What drove me to this $4 dollar purchase was the fact I had no idea that The Addams Family movie dipped its toes in the cereal world. I was really freaking amazed.  Don’t be surprised by this. I missed out on a crap ton of cool stuff from the 90’s because of life. But that’s why I have this blog. To fill in the blanks. The Addams Family Cereal find will be one of many for me.

This awesome website – Mr. Breafast – gives a nice breakdown on the history and contents of this very cool cereal tie-in. Read all about it by clicking the link. 

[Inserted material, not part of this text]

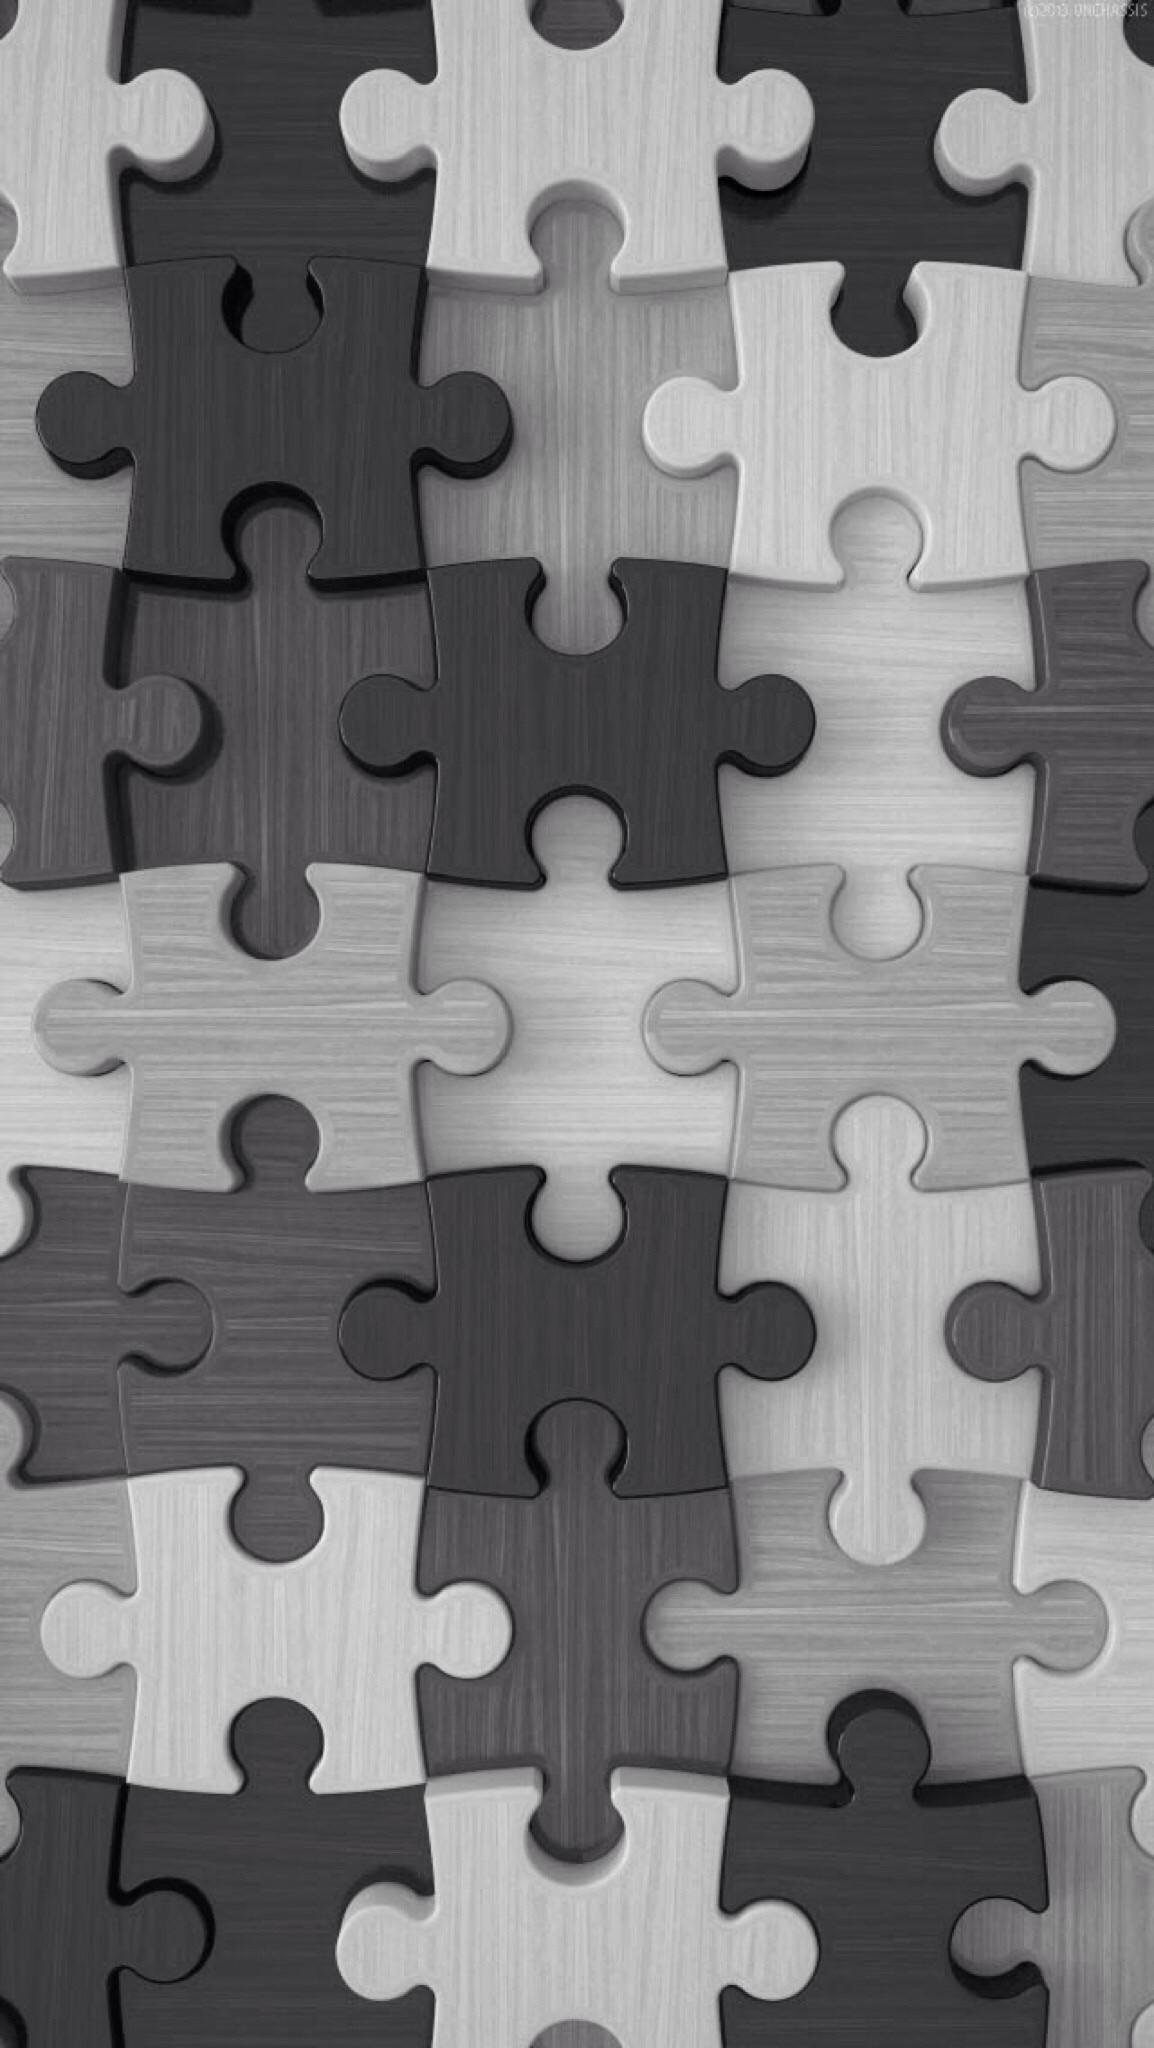 Grey Puzzle Pieces Wallpaper

Examining the box really made me miss how freaking awesome everything was back in the day. We can’t even get NEW Halloween cereal despite the fact that Halloween has never been hotter. Imagine if the new Ghostbusters movie or the Goosebumps movie had a cereal! I know Goosebumps did it before. Why not do it for the new movie?!

Missed opportunities, guys!

Just look The Addams Family Cereal box. Look at the design. I don’t know if the corporate fat cats from the 90’s were far more creative or gutsy. Whatever the X-factor they had needs to come back to 2017.

 

“THE CREEPY, CRUNCH CEREAL WITH THE GREAT TASTE YOU’LL SCREAM FOR.”

Even the catchphrase on the cereal is awesome. Not impressed? Check out the commercial!

 

Watching this really made me want more modern cereal movie tie-ins. I don’t care for the superhero stuff. I’m talking spooky movies damn it!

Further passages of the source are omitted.